INSTRUCTIONS FOR THE TASK:
Your reply must contain the lines from the one with "Witte stoel in de tuin" through the last line of the material, exact and complete, with no pictures and no other text.

DATASET SECTION:
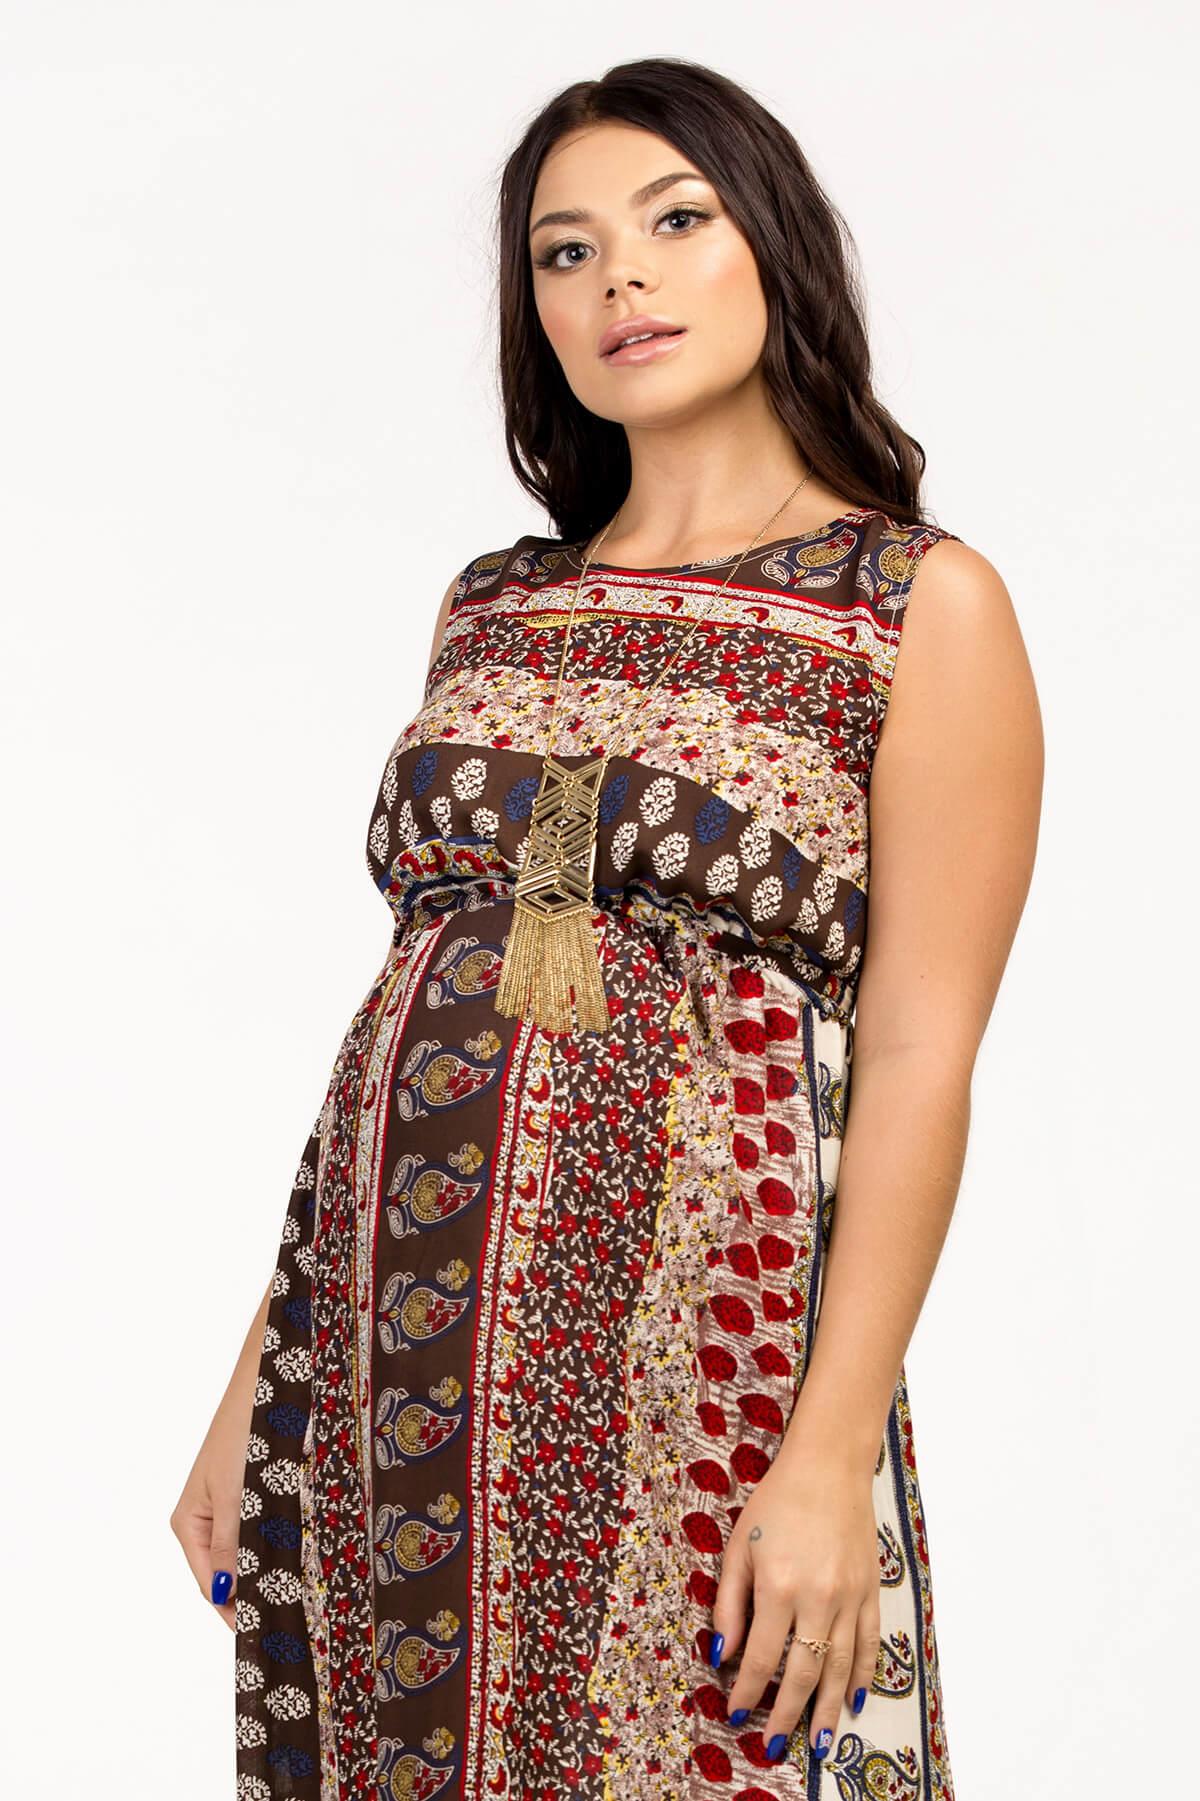 dfa35dc09e47d3b Коллекция «Греческое платье для беременных» пользователя happy-moms.ru в  Яндекс.Коллекциях
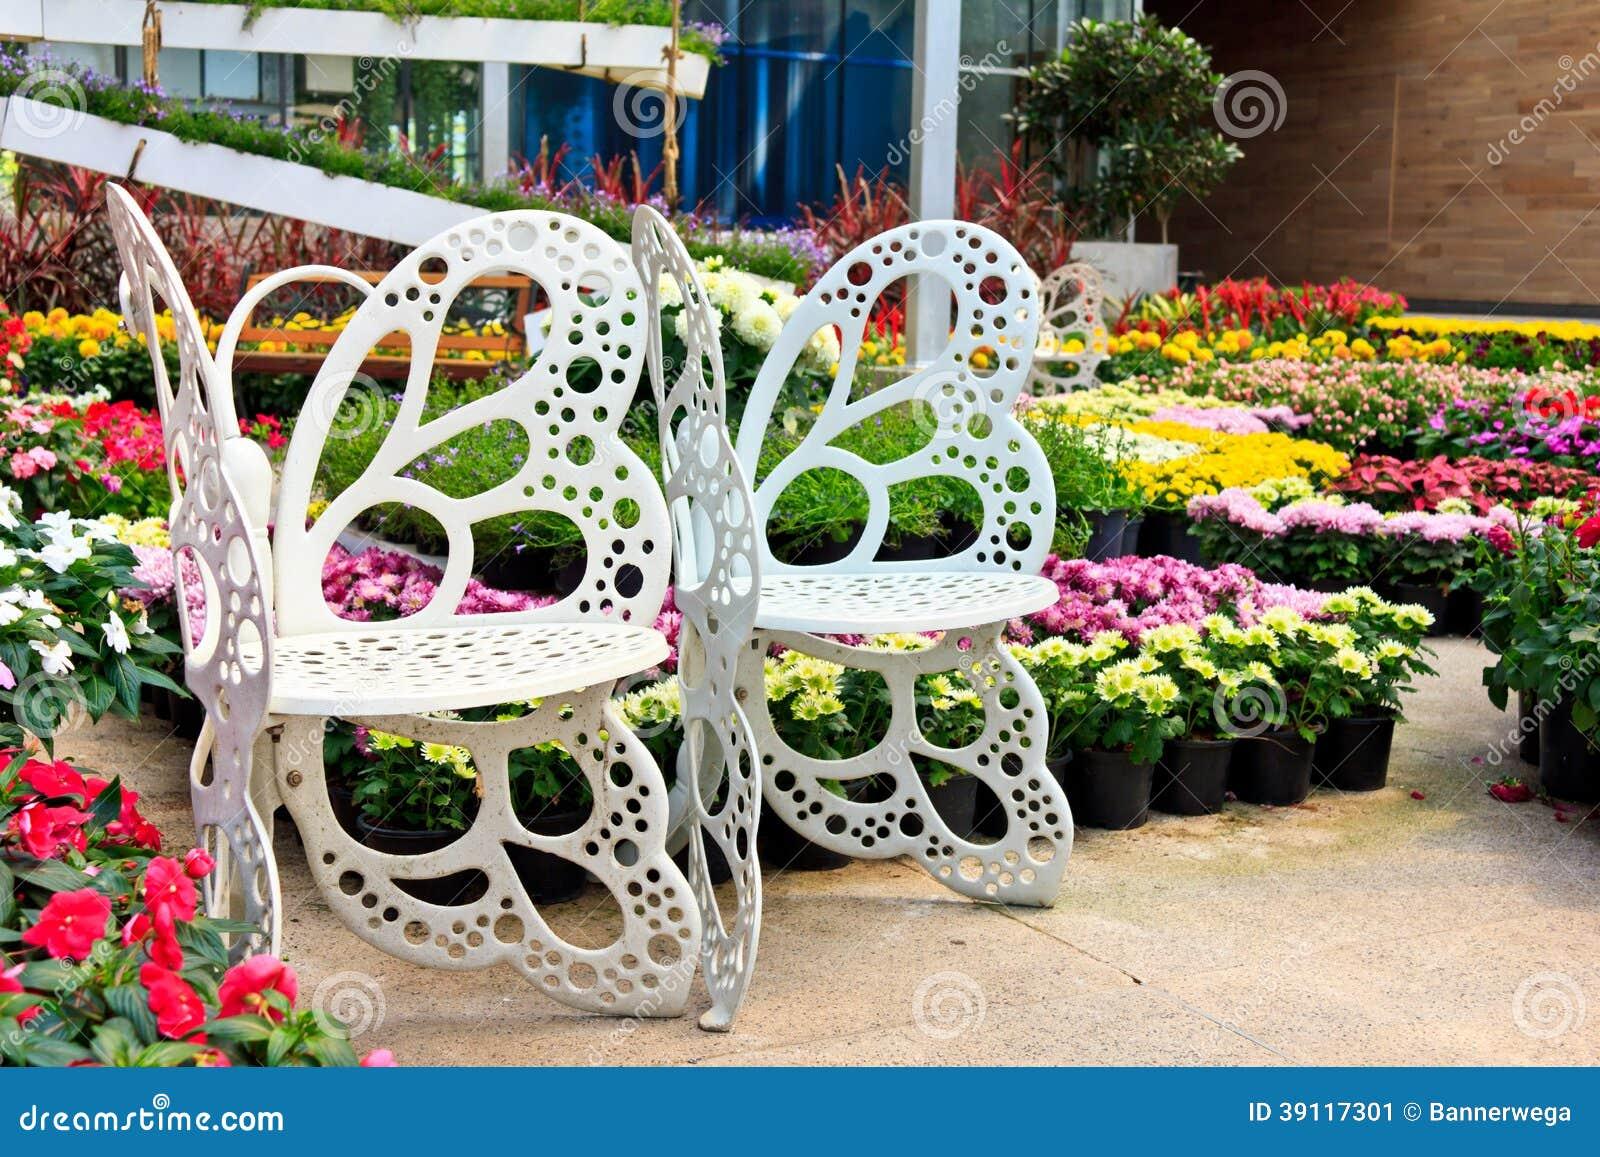 Witte stoel in de tuin
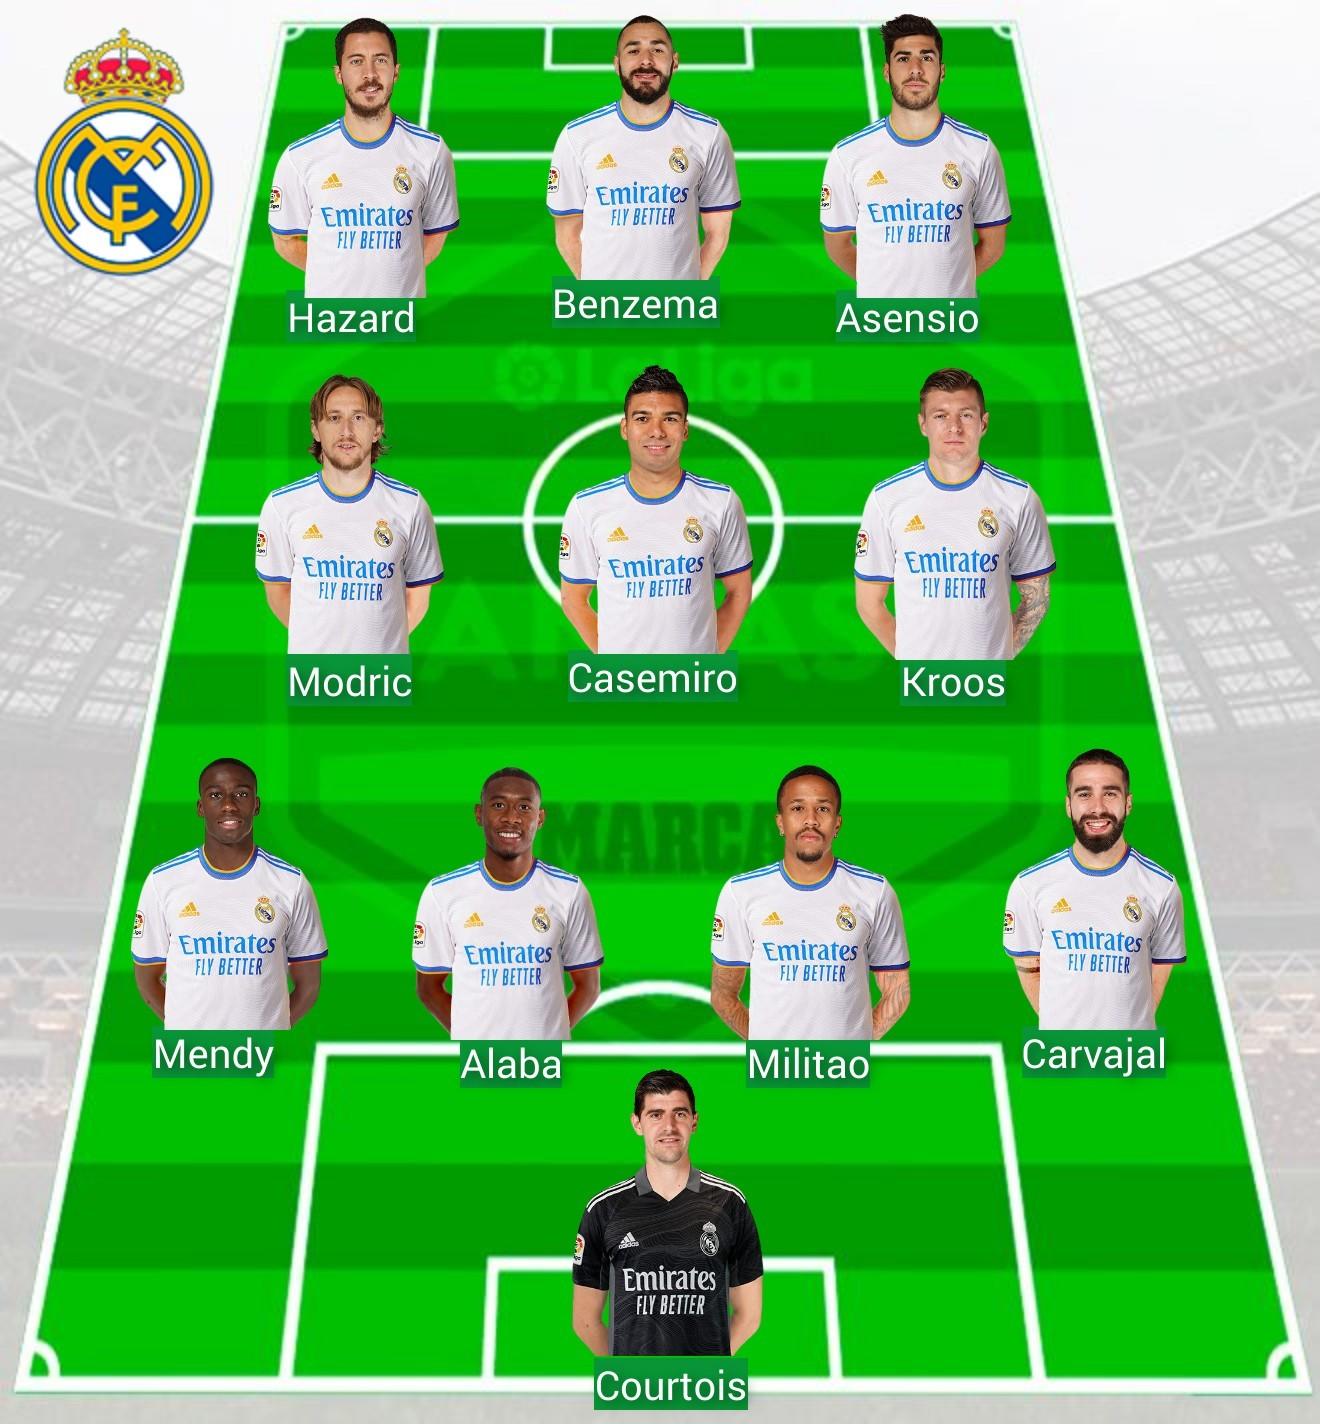 Fichajes Real Madrid: traspasos, rumores, altas y bajas para la temporada 2021/22 en Primera División

EXERCISE SOLUTION:
 Witte stoel in de tuin
 Fichajes Real Madrid: traspasos, rumores, altas y bajas para la temporada 2021/22 en Primera División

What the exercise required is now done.